12v largely a legacy thing

12 volt happens to be easy to do with lead acid batteries (as well as other multiples of 6v so it ended up in cars. It's really too low for most serious high current apps, too high for electronics, though very safe and very common. Today, it's too low to charge newer laptop batteries directly, it needs to be boosted to do that. (Indeed, while it is the voltage of the car battery, you need more than 12v to charge that, so the alternator gives you that and the battery regulates it down.)

Anyway point is that power regulation and conversion has undergone a complete revolution so we should get rid of that legacy stuff soon. It might be time to do a serious round of tests to find out what the highest voltage is that's safe, and what the highest voltage is that's not too unpleasant, and work with those.

Now safe is an interesting question. I've heard that 60 volts is safe for most people but it can give you a nasty "ouch." 12 volts is something most people don't feel at all. I don't know if the safety threshold changes much for people with older pacemakers and implants -- I would presume modern ones are designed to handle higher voltages.
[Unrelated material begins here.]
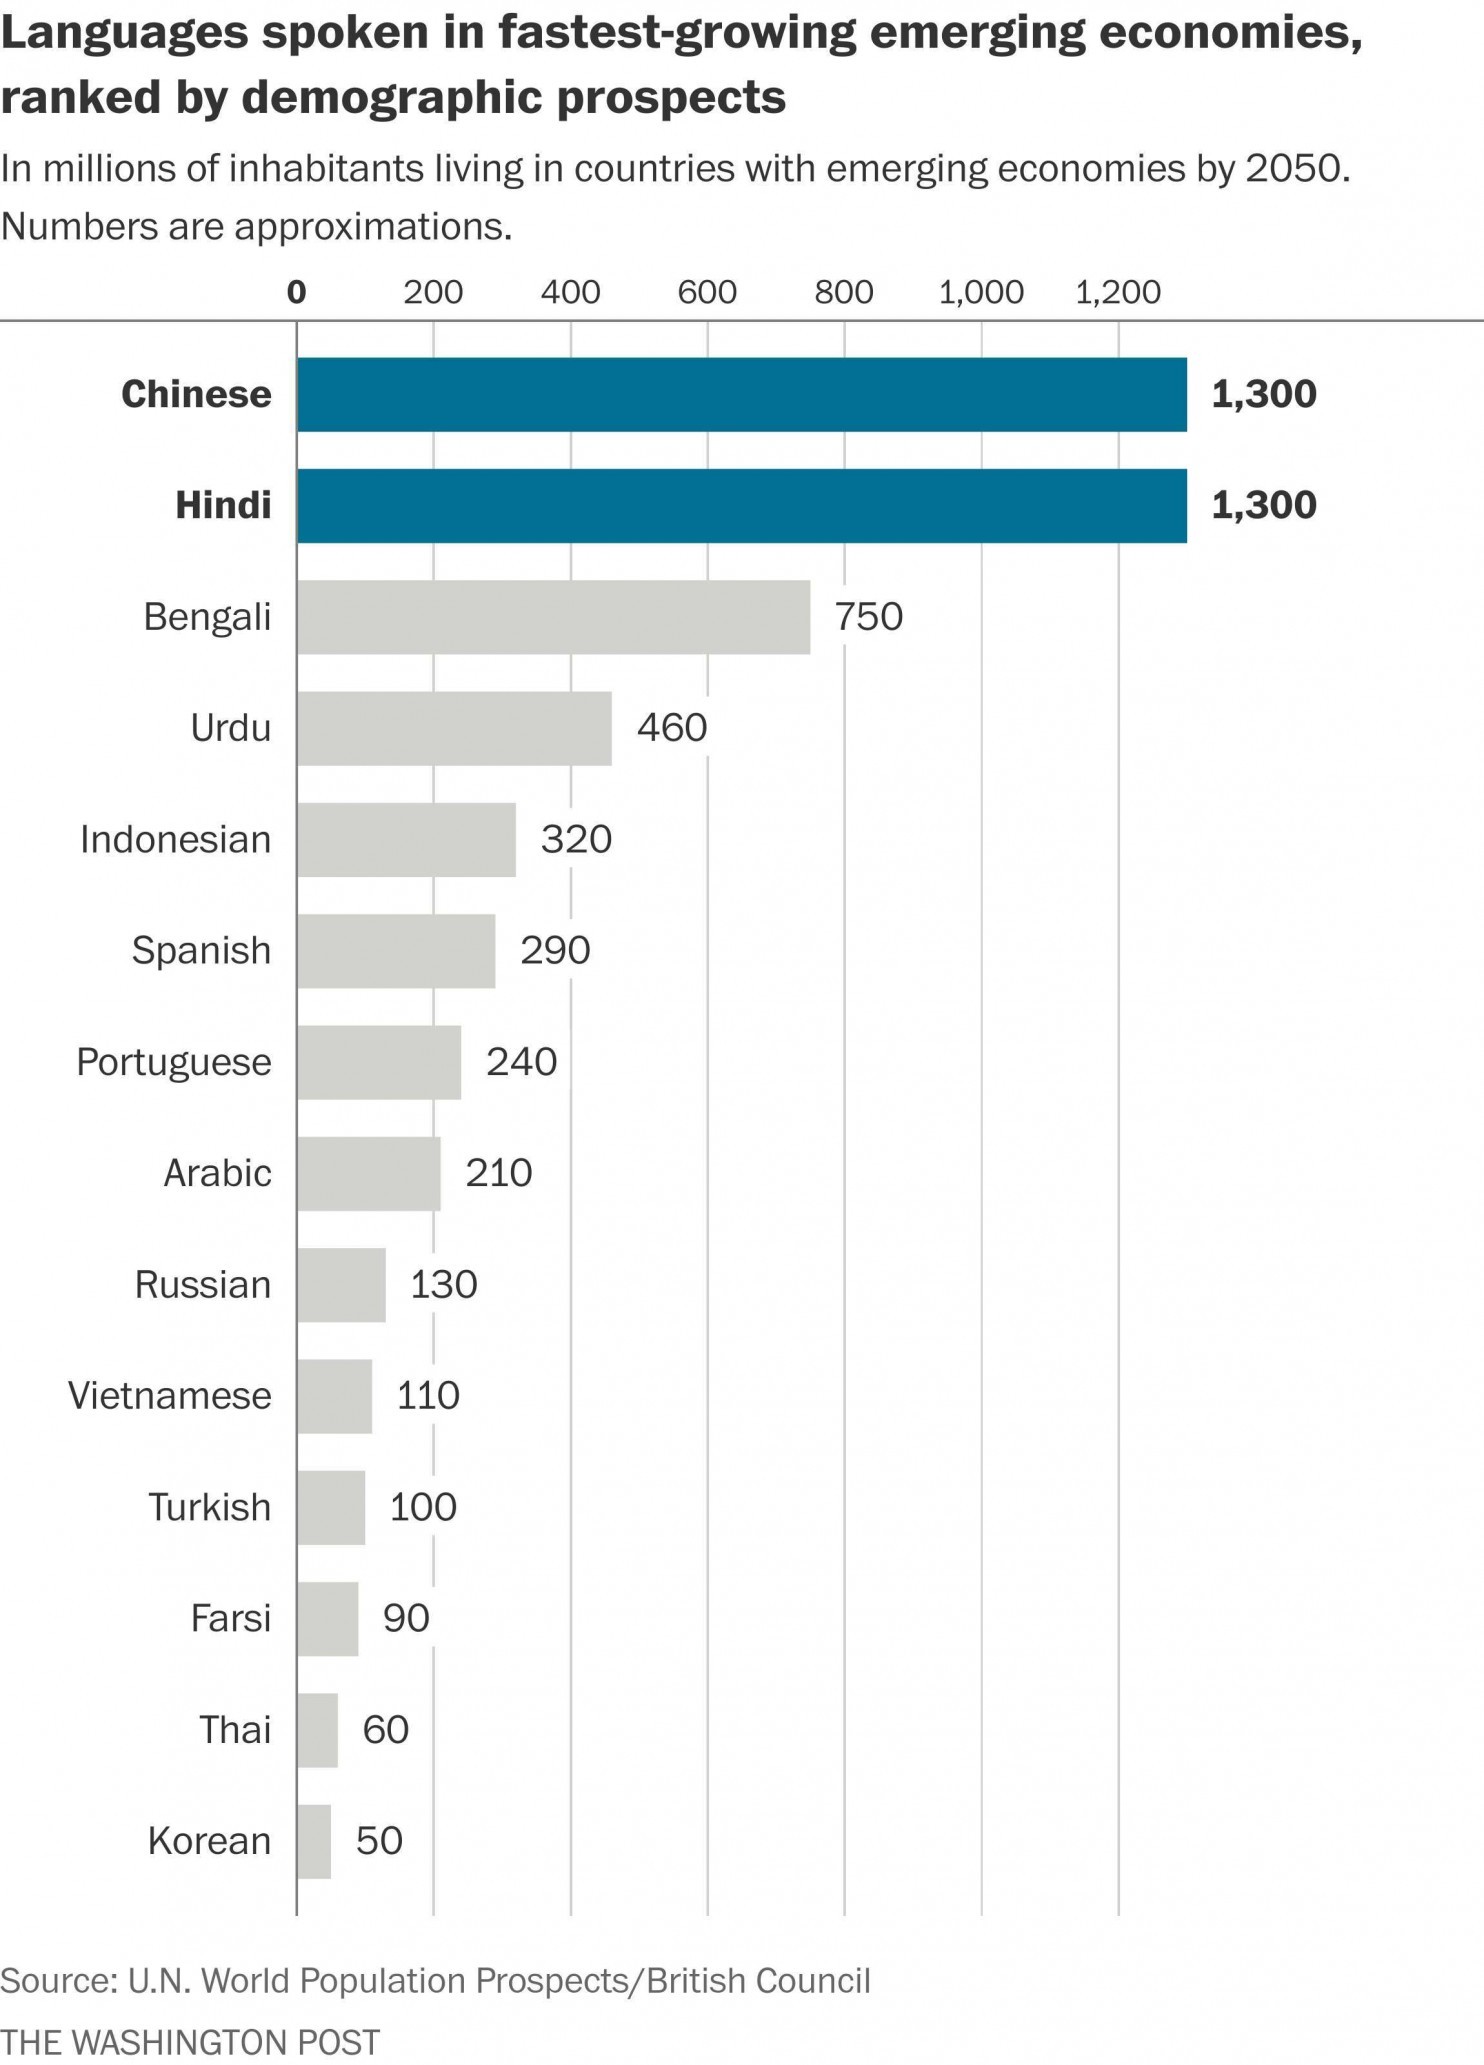 langues-in-fastest-growing-economies

Then use the "Safe but hurts" for medium power applications. Use "Can barely feel it" for lower power applications or ones where things get wet or people are regularly touching exposed terminals. Use "This could injure you" for household heavy duty applications and "This can kill you" for industrial/transmission applications. Transform them all down the real voltage the electronics want, which is generally below 5 volts, often down to just 2 or 3.